L’analisi del voto: L’asse civico premia ancora

  - Di Alessandro Misson

I partiti da soli straperdono. I partiti alleati ai movimenti civici vincono. Il Movimento Cinque stelle non è ancora considerato un’alternativa di governo credibile. I risultati delle micro elezioni comunali di domenica in provincia di Teramo, appena quattro Comuni, consegnano questa fotografia, con tutti gli esempi chiarissimi Comune per Comune. A Crognaleto rivince un amministratore considerato affidabile come Giuseppe D’Alonzo, al terzo mandato.

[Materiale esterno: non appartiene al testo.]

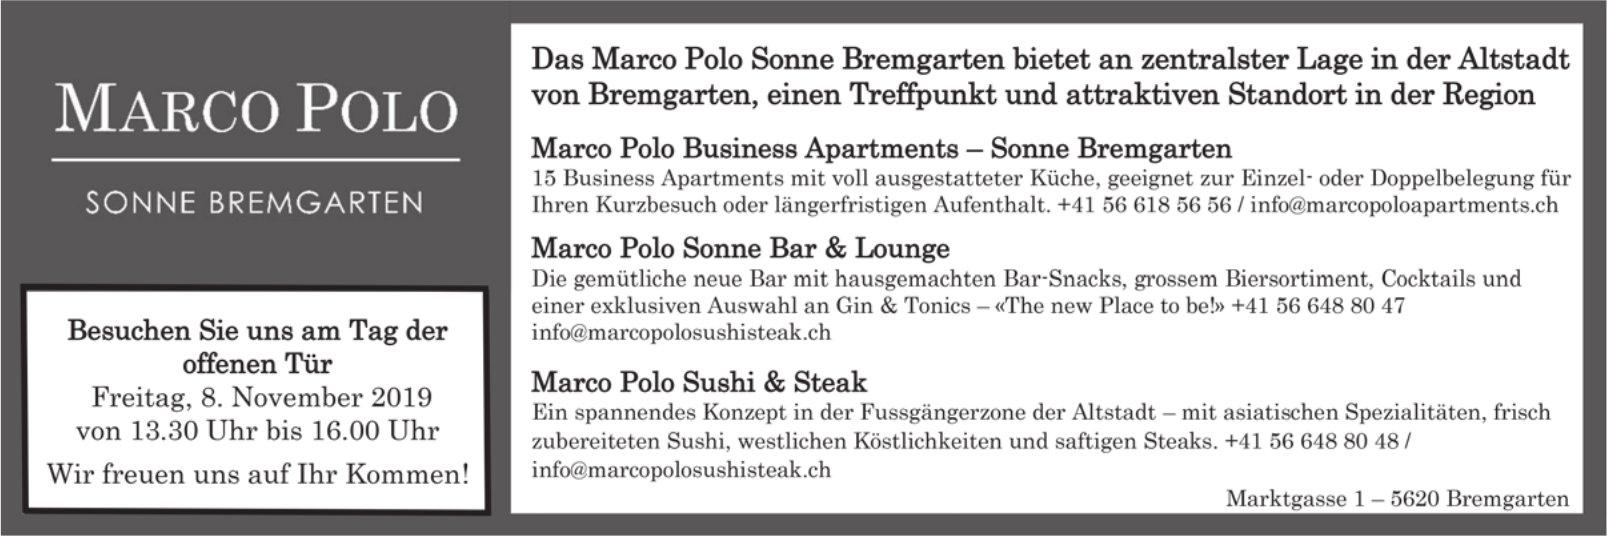 Marco Polo Sonne Bremgarten
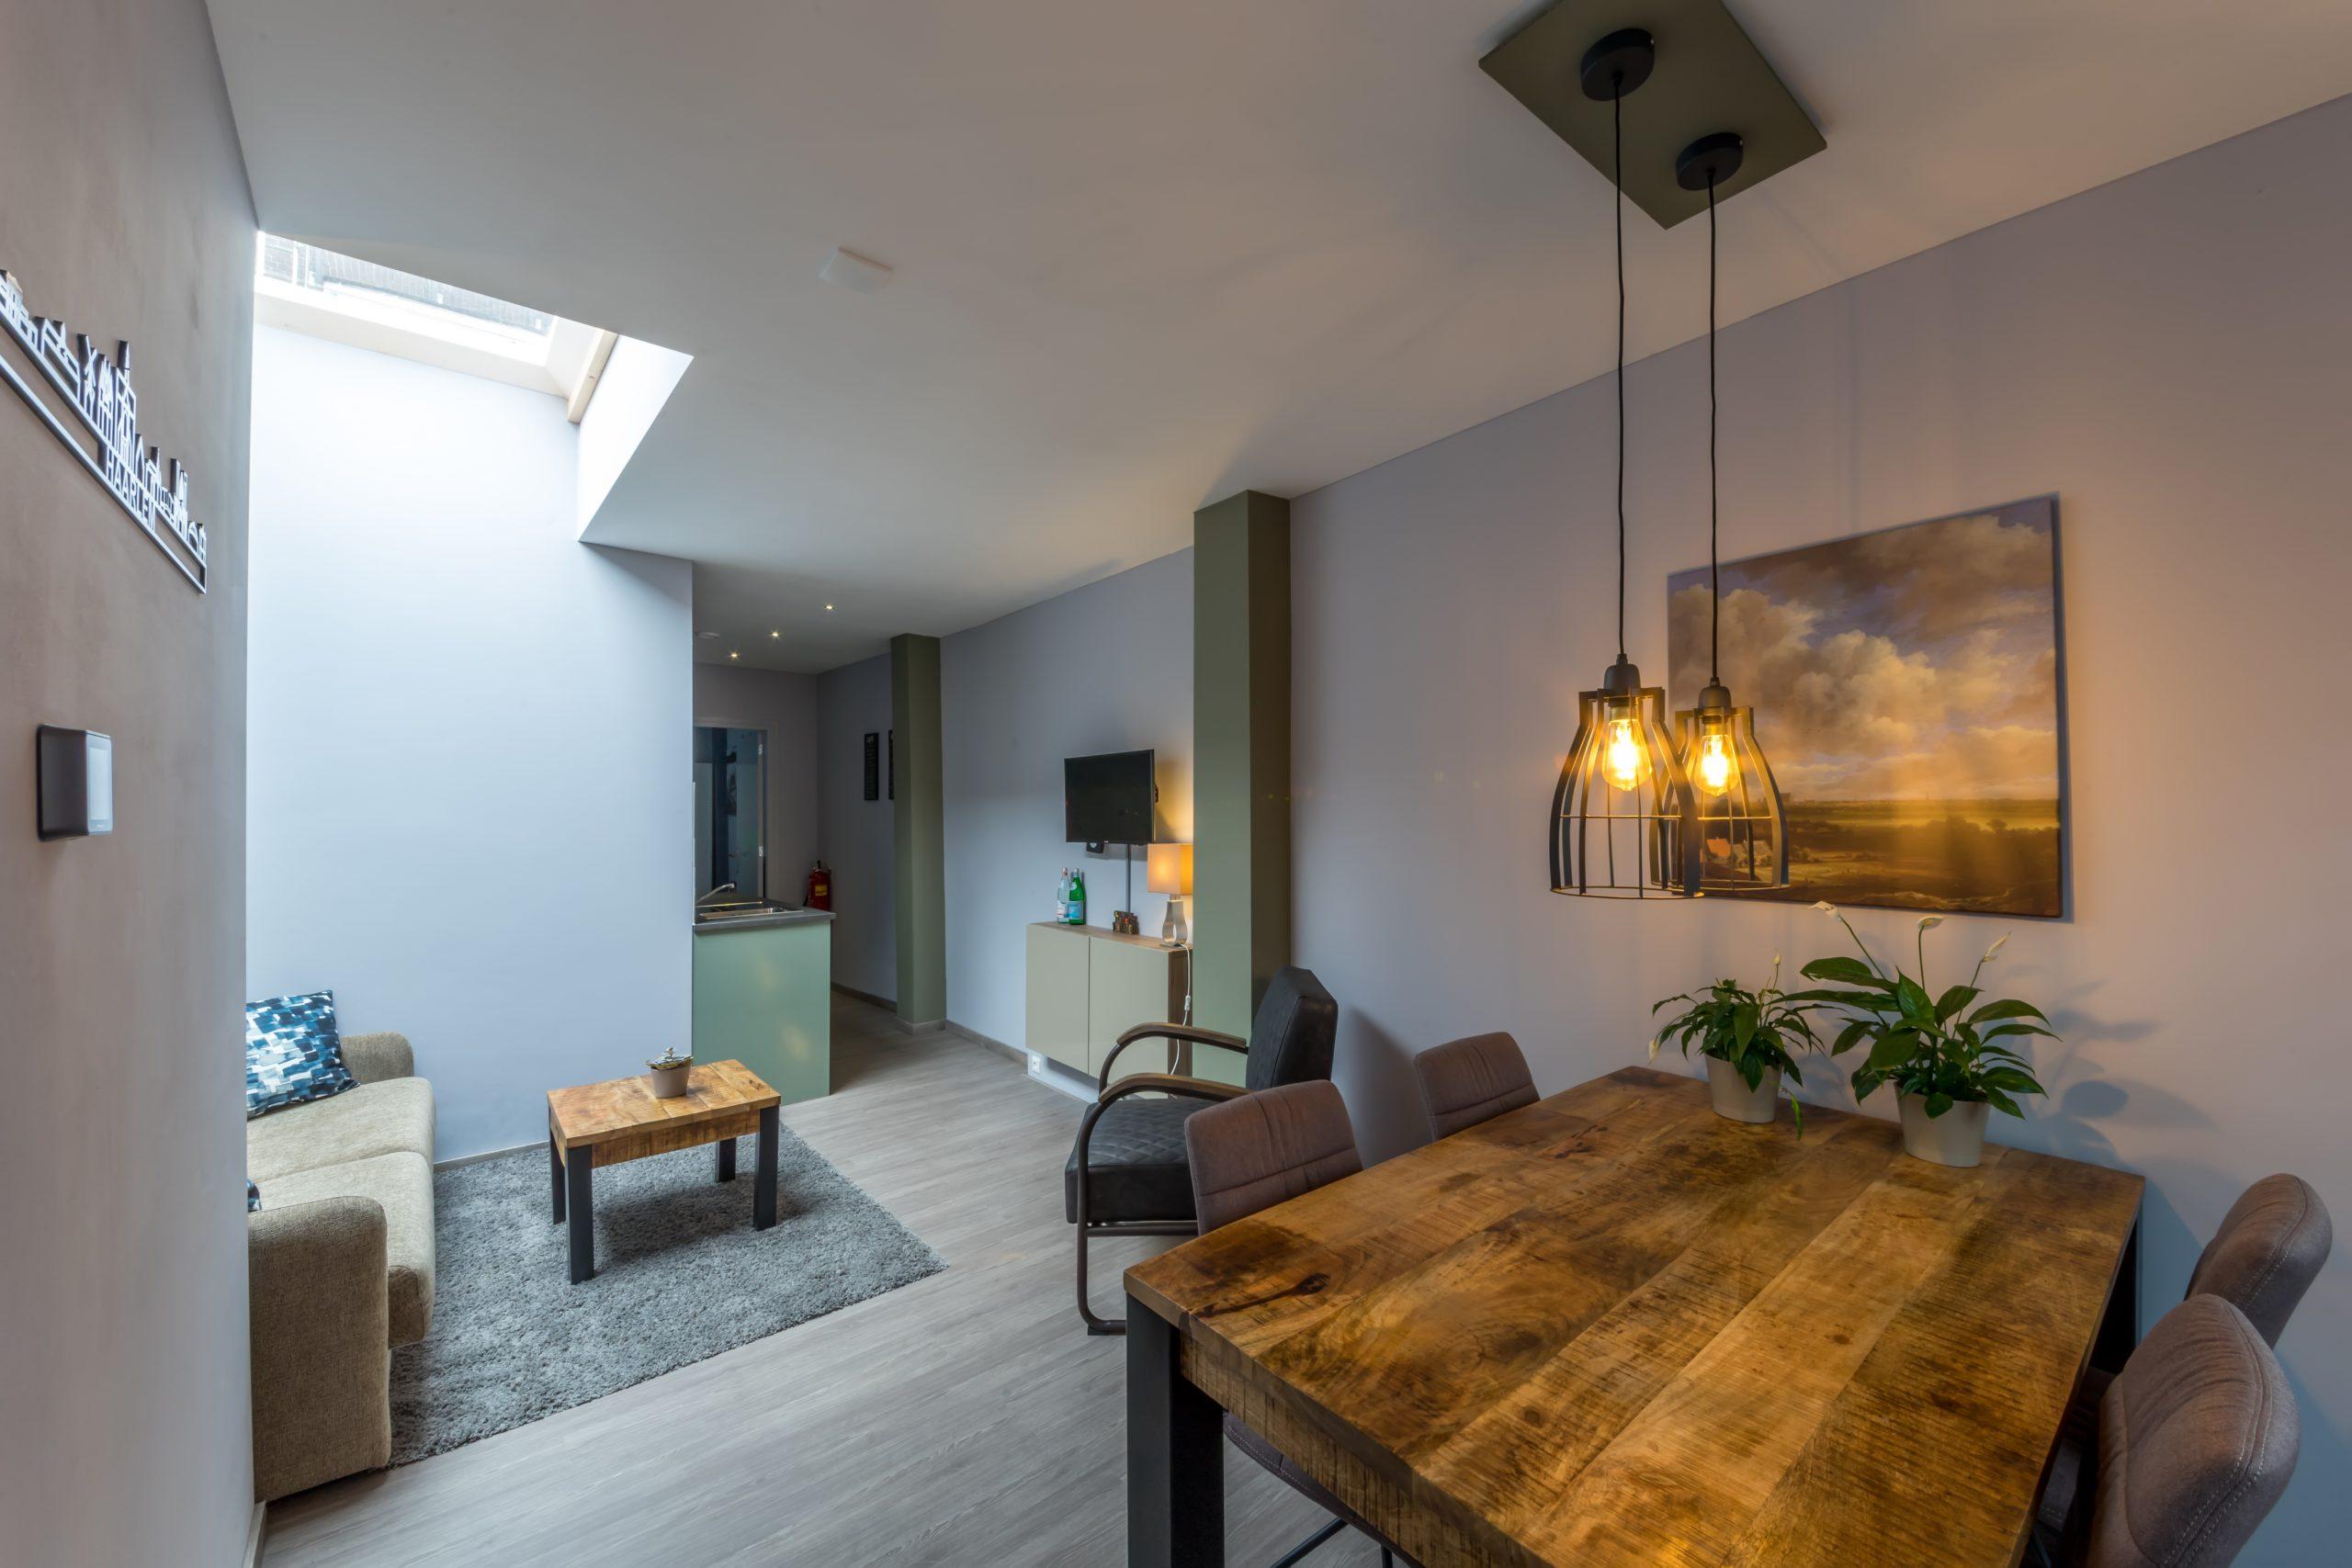 Woonkamer-Livingroom-wohnzimmer-Jacob-van-Ruisdael-Relaxed-Slapen-2

A Valle Castellana la lotta interna tra vicesindaci si risolve con la vittoria dell’epurato (dal sindaco) e anti-sistema Camillo D’Angelo. A Tortoreto vince per la terza volta di fila un centrodestra deboluccio con Domenico Piccioni, che in un colpo solo fa fuori dissidenti del centrodestra e un Pd isolatissimo, che addirittura arriva terzo dietro ai civici dell’ex sindaco di centrosinistra Di Matteo. A Martinsicuro l’uscente Camaioni, in qualche modo anticipatore dei tempi con la sua movimentista Città Attiva, perde i consensi movimentisti ma va comunque al ballottaggio con l’eterno sfidante Vagnoni, alleato con i sottanelliani e pronto a raccogliere tutti gli altri consensi anti sindaco (clamoroso quando un anno fa venne indicato dalla “base” Pd come un loro possibile candidato). A Tortoreto i grillini si confermano ciò che erano, né più né meno che minoranza dell’opposizione. A Martinsicuro, dove pure conquistarono quasi il 38% alle politiche del 2013, i grillini perdono tre voti su quattro, superando appena il 10%. Segno che le percentuali nazionali di Grillo continuano a non “tradursi” affatto a livello locale.